NO BUSQUÉIS ENTRE LOS
MUERTOS AL QUE ESTA VIVO
Mt
28, 1- 10
La
muerte no es el final de la vida de Cristo. Después de la tensión y dramatismo,
se abre un clima silencioso de espera en la Resurrección. En contraste con la
actitud cobarde de los apóstoles, una mujer seguidora de Jesús será la primera
testigo de este gran acontecimiento.
Los
últimos pasajes del relato de la pasión nos destacan que Jesús «murió
completamente» para no dejar ninguna duda: Expiró, su cuerpo fue traspasado, el
sepulcro bien cerrado, etc. Aparentemente todo está concluido pero ahora los
hechos darán la razón de la misión salvadora de Cristo. El Padre nunca abandona
al Hijo y por su gran poder lo levantará de entre los muertos.
La
Resurrección es la victoria de Cristo sobre la muerte. Jesús murió y resucitó
para que todos los que crean en Él tengan vida y la tengan en abundancia. Este
hecho es el acontecimiento fundamental de la fe cristiana en el que encontramos
la clave para afrontar desde esta esperanza y perspectiva toda nuestra
existencia. Si Cristo no hubiera resucitado, dice san Pablo, vana sería nuestra
fe. La vida sería injusta, sin sentido y sin explicación. Ahora, por Cristo,
conocemos nuestra real identidad y nuestra verdadera patria: Como hijos de
Dios, hermanos en cristo, compartiendo la gloria del Padre.
Lc
22, 44- 53
Cristo
resucitado se apareció muchísimas veces a los apóstoles dándoles muchas pruebas
y señales de que verdaderamente vivía y que no era un espíritu o una ilusión.

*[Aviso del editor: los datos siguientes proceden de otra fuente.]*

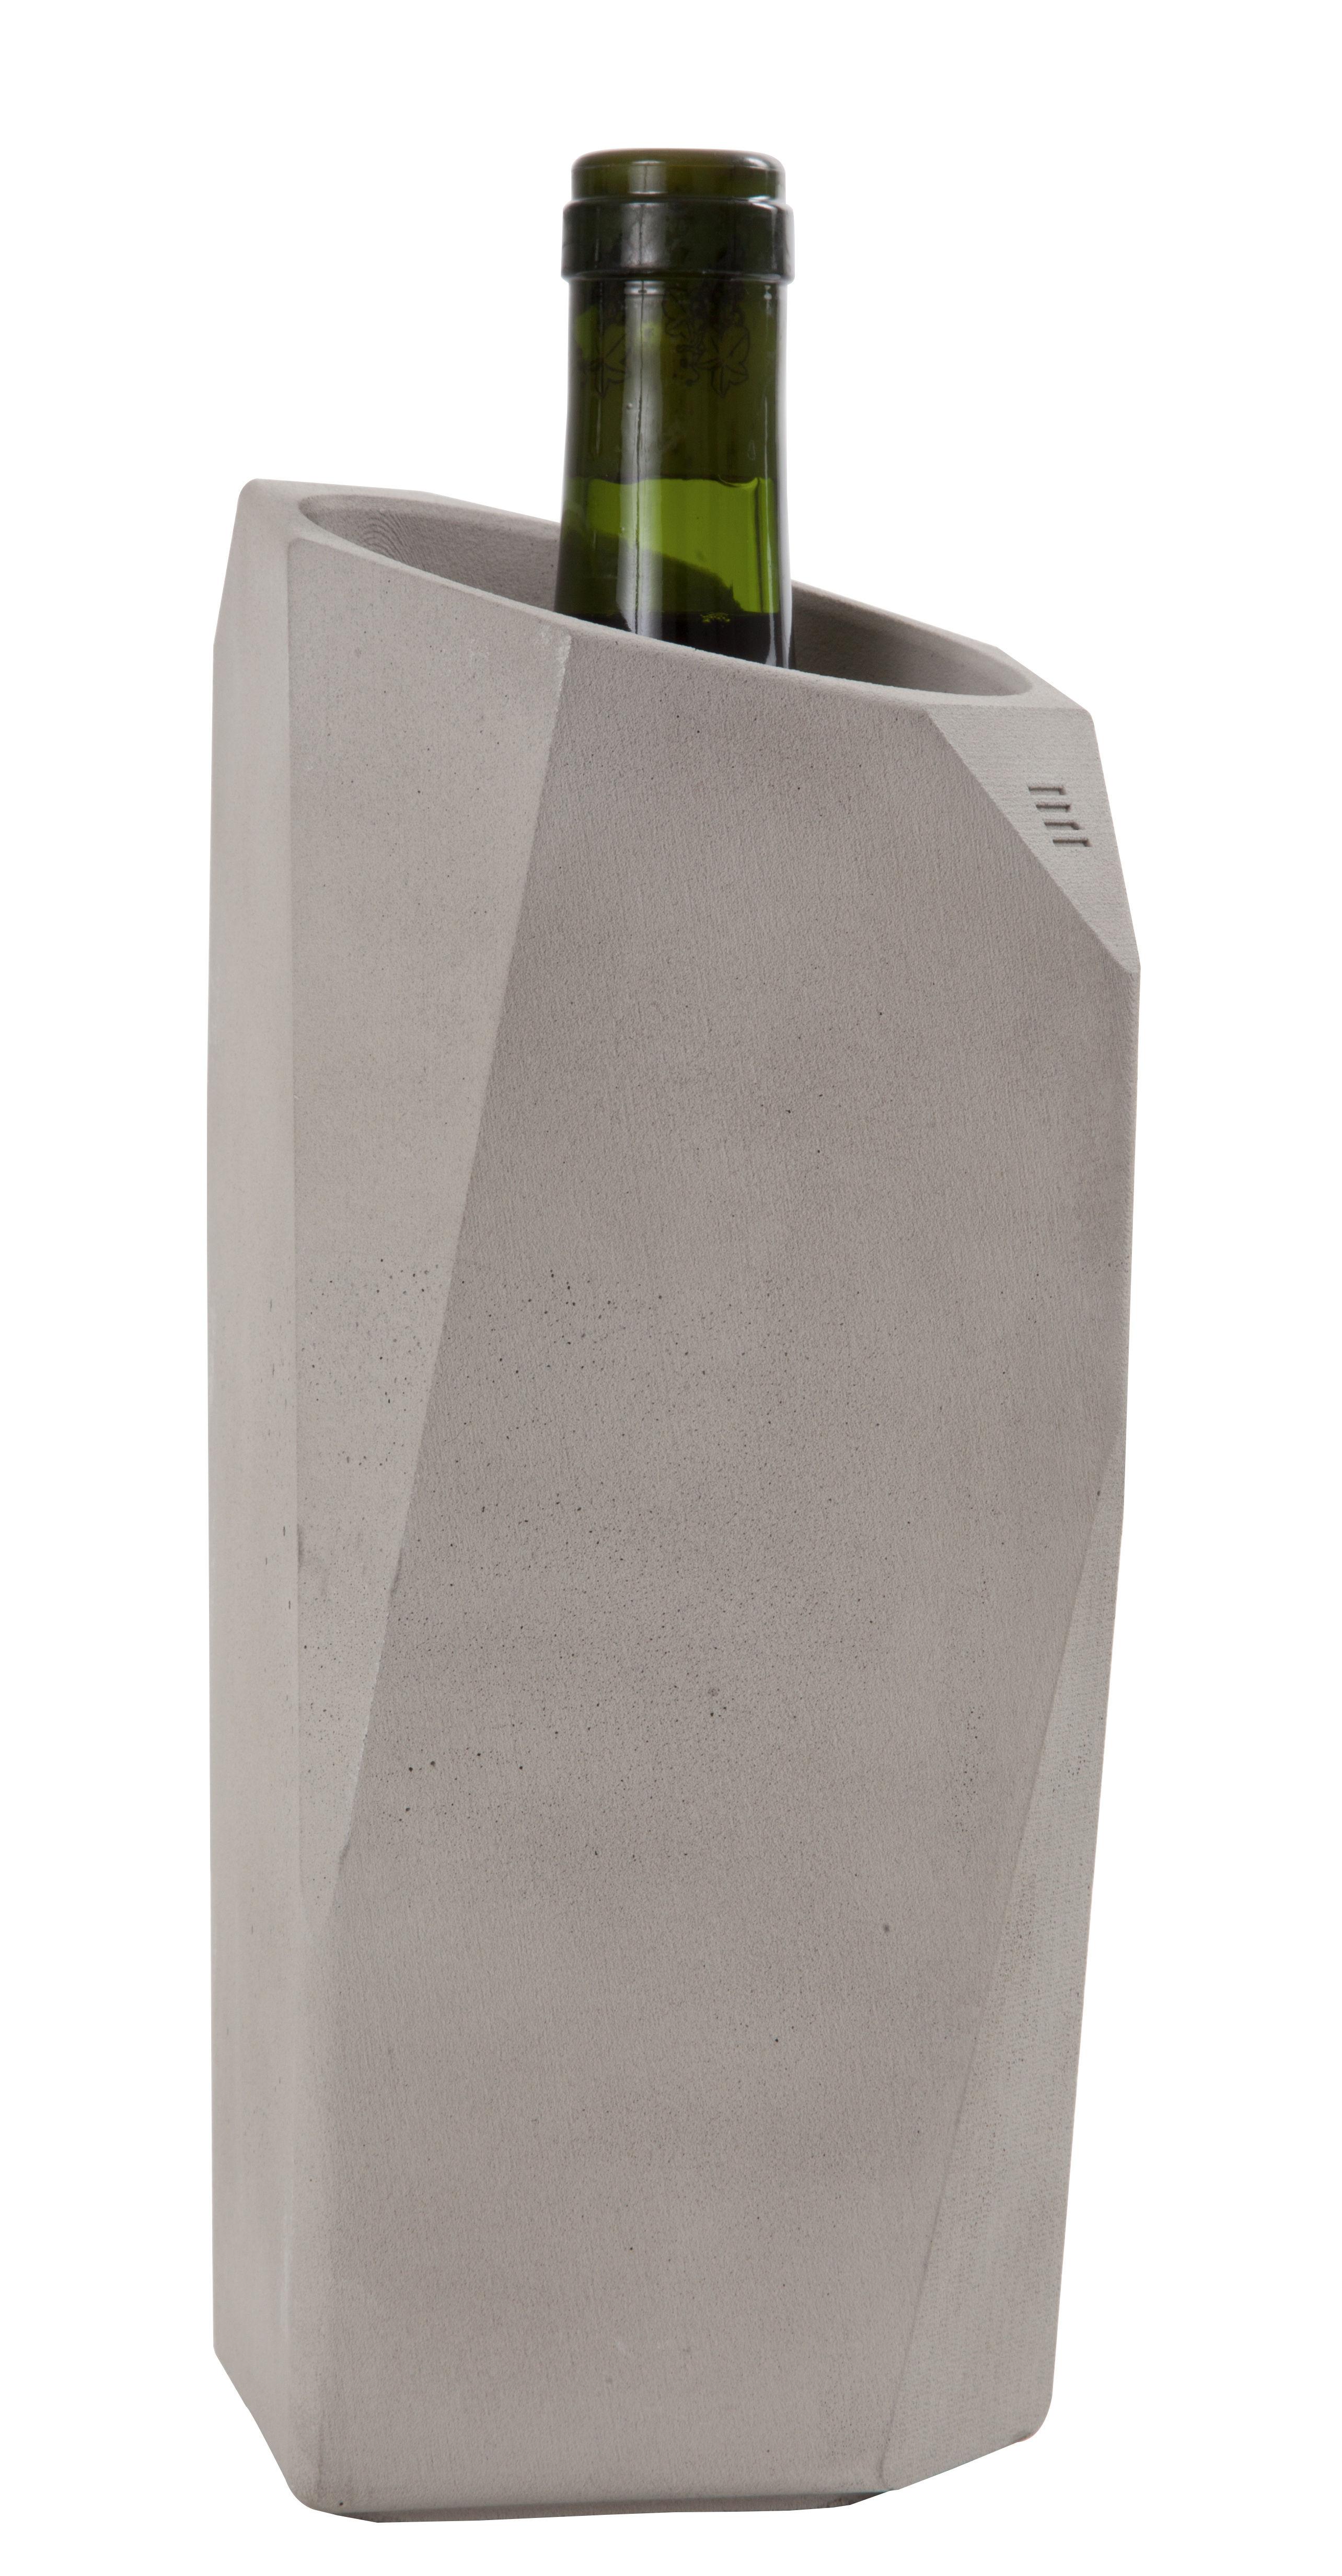 Tableware - Wine Accessories - Wine Cooler Bottle cooler - Stackable by Spécimen Editions - Grey - Concrete

En todas las veces, los exhorta y manda a anunciar su mensaje de salvación a
todos los hombres, perdonando en su nombre los pecados, para ello les promete
la asistencia del Espíritu Santo.
Este
encargo de Jesús de anunciar a todos los hombres el mensaje de salvación, nos
descubre que la comunidad que nacía era esencialmente misionera. Todos los
seguidores y testigos de Jesús están llamados a salir de sí mismos, de sus
problemas y preocupaciones personales y domésticas, para abrirse a nuevos
horizontes: los de todos los hombres sin fe que no conocen el gozo de sentirse
hijos de Dios y hermanos entre sí. El cincelazo No. 105 nos exhorta: «Para
quienes creen y aman a cristo, su Resurrección es un grito de alegría que con
gusto se transmite a todos los hombres». Esta es la misión que nos compromete a
todos los que escuchamos la Palabra. Si en nosotros no nace la inquietud nueva
de llevar a los hombres a Dios, no podemos decir que hemos conocido a Dios,
sino que hemos perdido el tiempo.
TAREA
mandarla al correo:
1.-
¿Con cuáles palabras instituyó Cristo la Eucaristía y el sacerdocio?
2.-
Leyendo la pasión del Señor, narrada por los cuatro evangelistas, transcribe
las «siete últimas palabras».
3.-
expone un argumento fuerte por el cual defenderías el principio: «Cristo
clavado en la cruz es la muestra más grande del amor de Dios».
4.-
Cita las veces en las que Jesús resucitado se aparece a los apóstoles.